Social support influences health by two models: the main effect model and the stress buffering model (Cohen & Syme 1985). The main effect model follows the idea that social support improves a person’s health through guidance on healthy behaviour, by improving self-esteem, and by increasing the sense of belonging, whereas the stress buffering model of social support prevents from damaging responses, and thus health improves. Results from a study with adult women suffering from multiple forms of child abuse and neglect support both direct and mediational effects of social resources on PTSD and depression in adulthood (Vranceanu et al. 2007). Moreover, the definitions of social support are heterogeneous and several terms coexist in parallel (Guay et al. 2006). Perceived support reflects the subjective judgments of the support given, and is consistently linked with fewer PTSD symptoms (Brewin et al. 2000). Survivors of sexual abuse with a higher level of perceived social support experienced lower levels of insomnia, nightmares and nightmare distress (Steine et al. 2012). In a study with older adults (aged from 57 to 85 years) a perceived lack of social support was associated with lower levels of physical health (Cornwell & Waite 2009). There is a rather substantial support that perceived social support buffers the rate and severity of psychopathology (e. g. depression, anxiety, psychological distress), resulting from traumatic stress (Cohen & Wills 1985; Brewin et al. 2000). However, the relation between social support and chronic PTSD is less well understood, than the role of social support in the onset of PTSD. Low social support and the development of PTSD has been found to be associated in cross-sectional studies in samples of victims of violent crimes (Andrews et al. 2003), and in women with sexual and nonsexual assault (Zoellner et al. 1999).

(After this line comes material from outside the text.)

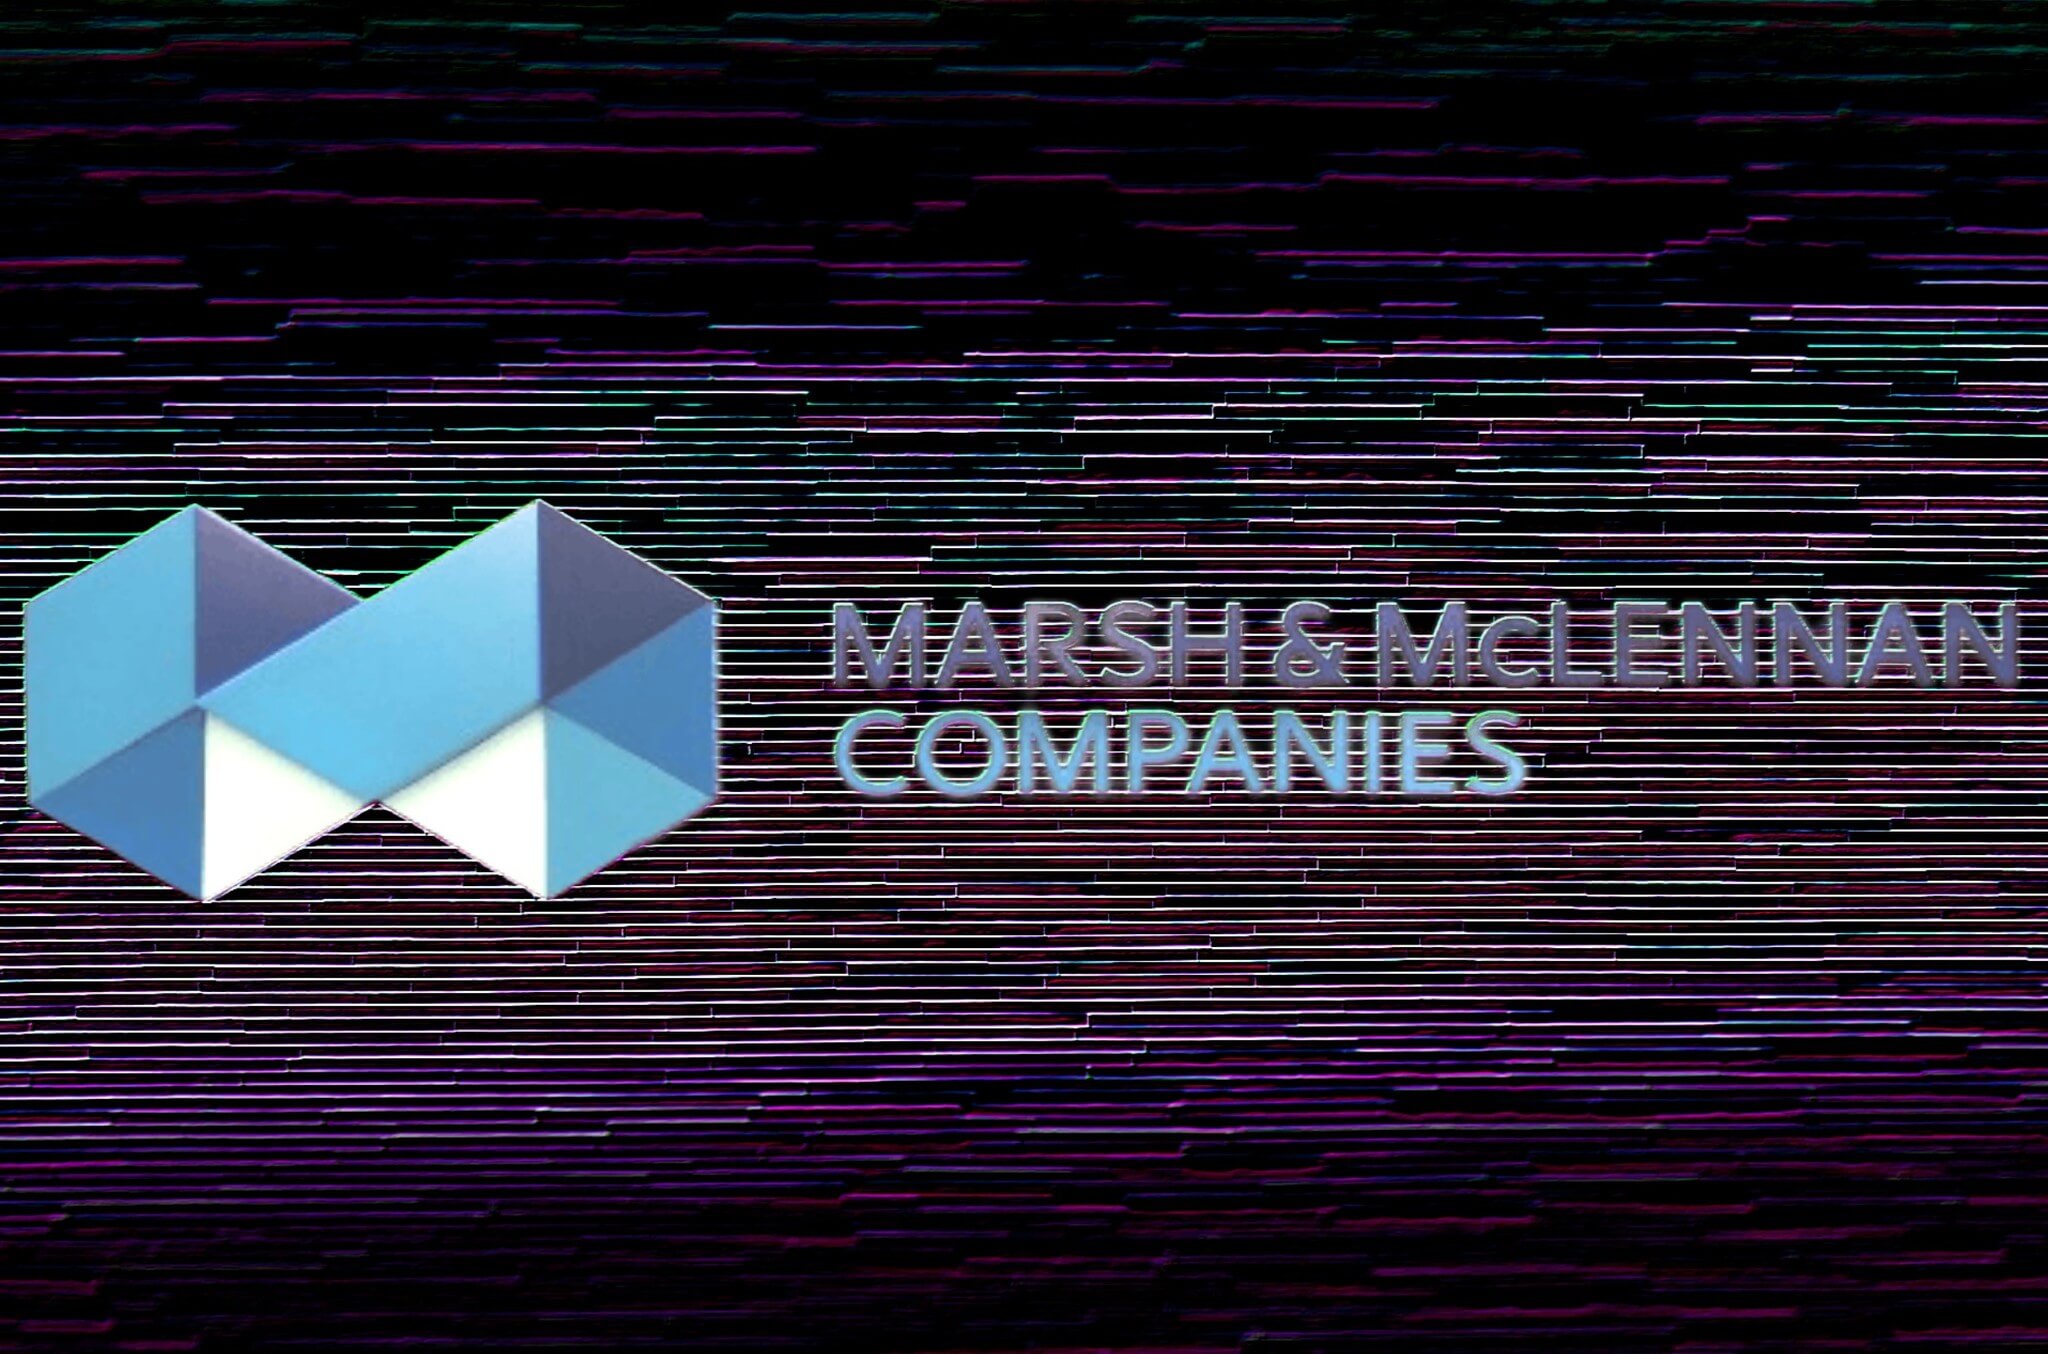 Marsh & McLennan NYSE:MMC Stock and Financials

However, social integration and perceiving social support are not independent of knowledge shared about the assault. Apart from the possibility of reaching helpful aid, the process of revealing the abuse to someone is also considered to have an emotionally adverse impact (Smith & Freyd 2014). To our knowledge, so far there is no study on the role of social support in survivors of institutionalized abuse.

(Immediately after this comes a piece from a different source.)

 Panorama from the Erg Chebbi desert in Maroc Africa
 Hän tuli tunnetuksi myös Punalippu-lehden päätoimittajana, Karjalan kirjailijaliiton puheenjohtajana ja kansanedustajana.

Empirical studies suggest that among survivors only few children tell anyone about sexual abuse. Despite the high prevalence of abuse, child victims often fail or delay to tell others about their abuse (Ullman SE. Social reactions to child sexual abuse disclosures: a critical review. Journal of Child Sexual Abuse 2002). Adult males are less likely to disclose their childhood sexual abuse experience compared to female victims (O’Leary & Barber 2008; Lamb & Edgar-Smith 1994). The rates of disclosing child physical abuse, child sexual abuse, and emotional abuse show that 23 % to 34 % of the victims fail to ever disclose their adverse experience, depending on the type of abuse (Bottoms et al. 2014). Disclosing abuse is often difficult, resulting in possible reactions of disbelief, blame or challenges to relationships (Ullman & Filipas 2001). For emotional and physical abuse a close victim-perpetrator-relationship explains the delay of disclosure or keeping the adverse experience silence (Foynes et al. 2009). Depending on the care of an abusive caregiver is a pathway into a dilemma: disclosing might cut off the caring relation, non-disclosing would prolong the abusive situation (Foynes et al. 2009). Reasons for disclosure and non-disclosure, e.g. severity of trauma, being injured by the abuser (O’Leary et al. 2010) are believed to influence the timing of disclosure. Several different time frames to distinguish between early and late disclosure have been considered; however, no theoretical explanations have been provided for these (Ruggiero et al. 2004).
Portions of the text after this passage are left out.